EXERCISE OBJECTIVE:
Write each line exactly as it stands, from the line containing "Aussie Chiller: Perforated" through the end of the data.

THE DATA:

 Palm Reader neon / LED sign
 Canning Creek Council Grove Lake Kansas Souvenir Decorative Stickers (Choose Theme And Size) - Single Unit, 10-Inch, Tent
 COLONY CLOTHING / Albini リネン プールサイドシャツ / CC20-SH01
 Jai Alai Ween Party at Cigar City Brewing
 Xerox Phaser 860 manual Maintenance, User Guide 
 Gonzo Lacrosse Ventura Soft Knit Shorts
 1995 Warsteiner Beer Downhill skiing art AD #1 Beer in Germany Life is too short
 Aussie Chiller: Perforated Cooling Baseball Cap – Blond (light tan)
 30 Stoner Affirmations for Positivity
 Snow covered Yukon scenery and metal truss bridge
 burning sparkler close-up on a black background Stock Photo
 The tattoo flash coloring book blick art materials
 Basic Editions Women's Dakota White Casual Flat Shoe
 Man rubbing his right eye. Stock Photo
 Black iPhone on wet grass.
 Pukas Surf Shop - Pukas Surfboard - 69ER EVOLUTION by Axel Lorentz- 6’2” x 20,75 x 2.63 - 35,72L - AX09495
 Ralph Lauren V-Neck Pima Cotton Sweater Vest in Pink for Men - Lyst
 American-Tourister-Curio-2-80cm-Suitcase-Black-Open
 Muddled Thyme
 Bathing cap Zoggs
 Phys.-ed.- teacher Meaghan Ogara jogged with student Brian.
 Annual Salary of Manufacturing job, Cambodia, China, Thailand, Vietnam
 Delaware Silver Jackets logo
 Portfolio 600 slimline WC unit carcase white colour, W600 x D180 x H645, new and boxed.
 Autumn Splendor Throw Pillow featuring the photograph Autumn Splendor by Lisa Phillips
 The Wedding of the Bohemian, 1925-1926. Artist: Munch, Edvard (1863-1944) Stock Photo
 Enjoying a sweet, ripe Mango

EXERCISE RESPONSE:
 Aussie Chiller: Perforated Cooling Baseball Cap – Blond (light tan)
 30 Stoner Affirmations for Positivity
 Snow covered Yukon scenery and metal truss bridge
 burning sparkler close-up on a black background Stock Photo
 The tattoo flash coloring book blick art materials
 Basic Editions Women's Dakota White Casual Flat Shoe
 Man rubbing his right eye. Stock Photo
 Black iPhone on wet grass.
 Pukas Surf Shop - Pukas Surfboard - 69ER EVOLUTION by Axel Lorentz- 6’2” x 20,75 x 2.63 - 35,72L - AX09495
 Ralph Lauren V-Neck Pima Cotton Sweater Vest in Pink for Men - Lyst
 American-Tourister-Curio-2-80cm-Suitcase-Black-Open
 Muddled Thyme
 Bathing cap Zoggs
 Phys.-ed.- teacher Meaghan Ogara jogged with student Brian.
 Annual Salary of Manufacturing job, Cambodia, China, Thailand, Vietnam
 Delaware Silver Jackets logo
 Portfolio 600 slimline WC unit carcase white colour, W600 x D180 x H645, new and boxed.
 Autumn Splendor Throw Pillow featuring the photograph Autumn Splendor by Lisa Phillips
 The Wedding of the Bohemian, 1925-1926. Artist: Munch, Edvard (1863-1944) Stock Photo
 Enjoying a sweet, ripe Mango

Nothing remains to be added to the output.